Why the wealthy avoid high risk

I just came across a rather interesting article on CNN Money. (Interesting for the most part because of where I found it).

In it, Fortune reporter Katie Benner shows how the affluent attain and maintain their wealth not by seeking earth shattering returns but by consistent and gradual growth, continuously managing and assessing risks and diversifying between assets.

“For the most part, our investors are more concerned with wealth preservation and strategic growth, rather than trying to hit a home run.”

“A typical asset allocation [is that] of 15 percent real estate, 15 percent international equities, 10 percent alternative assets, 10 percent in bonds and 50 percent U.S. stocks.”
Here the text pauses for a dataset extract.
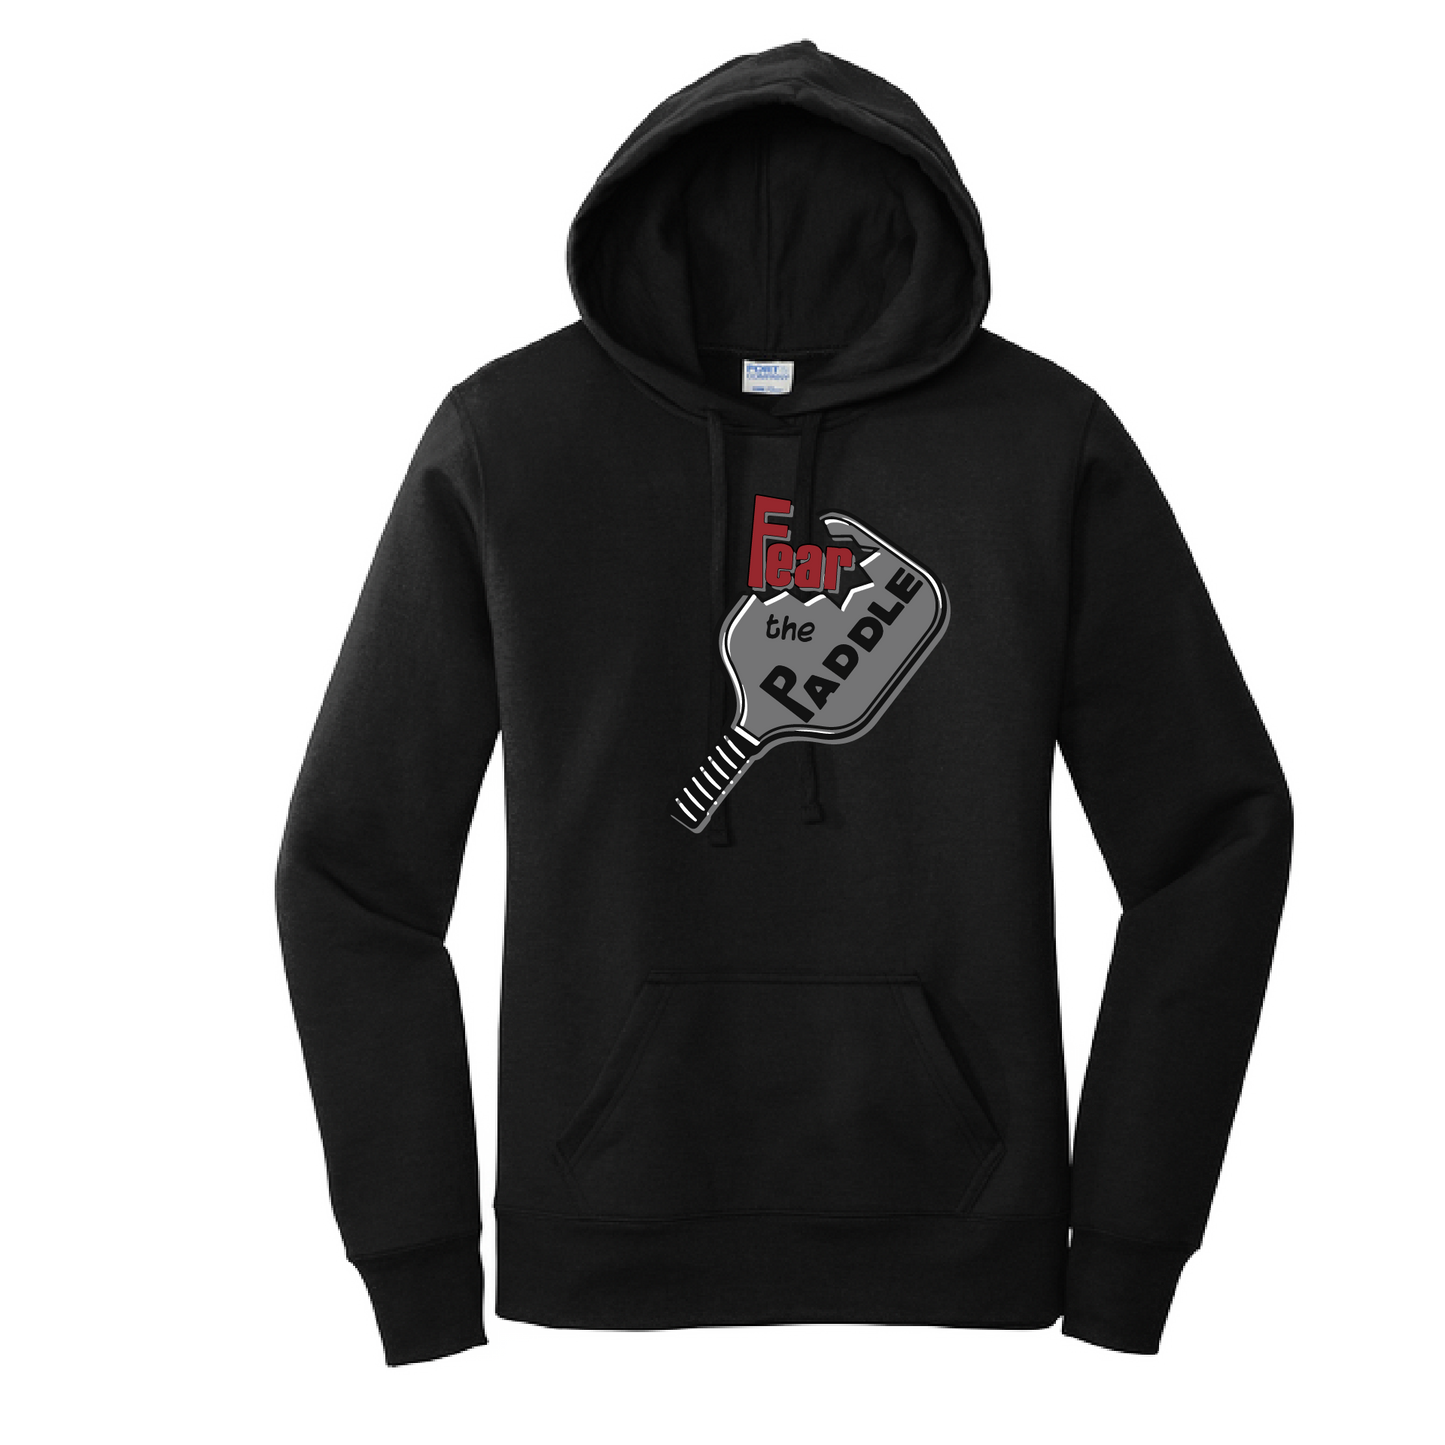 Pickleball Design: Fear the Paddle  Women's Hooded pullover Sweatshirt  Turn up the volume in this Women's Sweatshirts with its perfect mix of softness and attitude. Ultra soft lined inside with a lined hood also. This is fitted nicely for a women's figure. Front pouch pocket.

Although this may seem like an adequate strategy, many of those who have diversified as such have been investing for years. The 50% allocation to stocks would have been highly efficient in the early 90s but of poor judgment in years such as 2000. Thus, today an allocation gearing more towards commodities, gold and international assets and currencies, while shifting out of U.S. equities and Bonds would seem more reasonable.

“Small cap value has been a great performer, and we even have a small portion of our portfolio devoted to Micro caps.”

This is the weapon of the small investor. Large funds are unable to buy into smaller companies and must search for larger opprtunities. The individual however can find bargains in small and micro cap companies greatly increasing his returns. Warren Buffett once said “I could average 50 to 100 percent returns a year, if only i had less than a million dollars.”

“Managers and investors are, for the most part, bullish on equities but they recognize that after several years of positive returns for overseas and domestic stocks, the low-hanging fruit may be gone. ‘We will have to work a little harder to find good buys, but there are a lot of companies out there languishing.”

This is the brilliance of the wealthy. Even during times of prosperity they recognize that such times will not forever continue.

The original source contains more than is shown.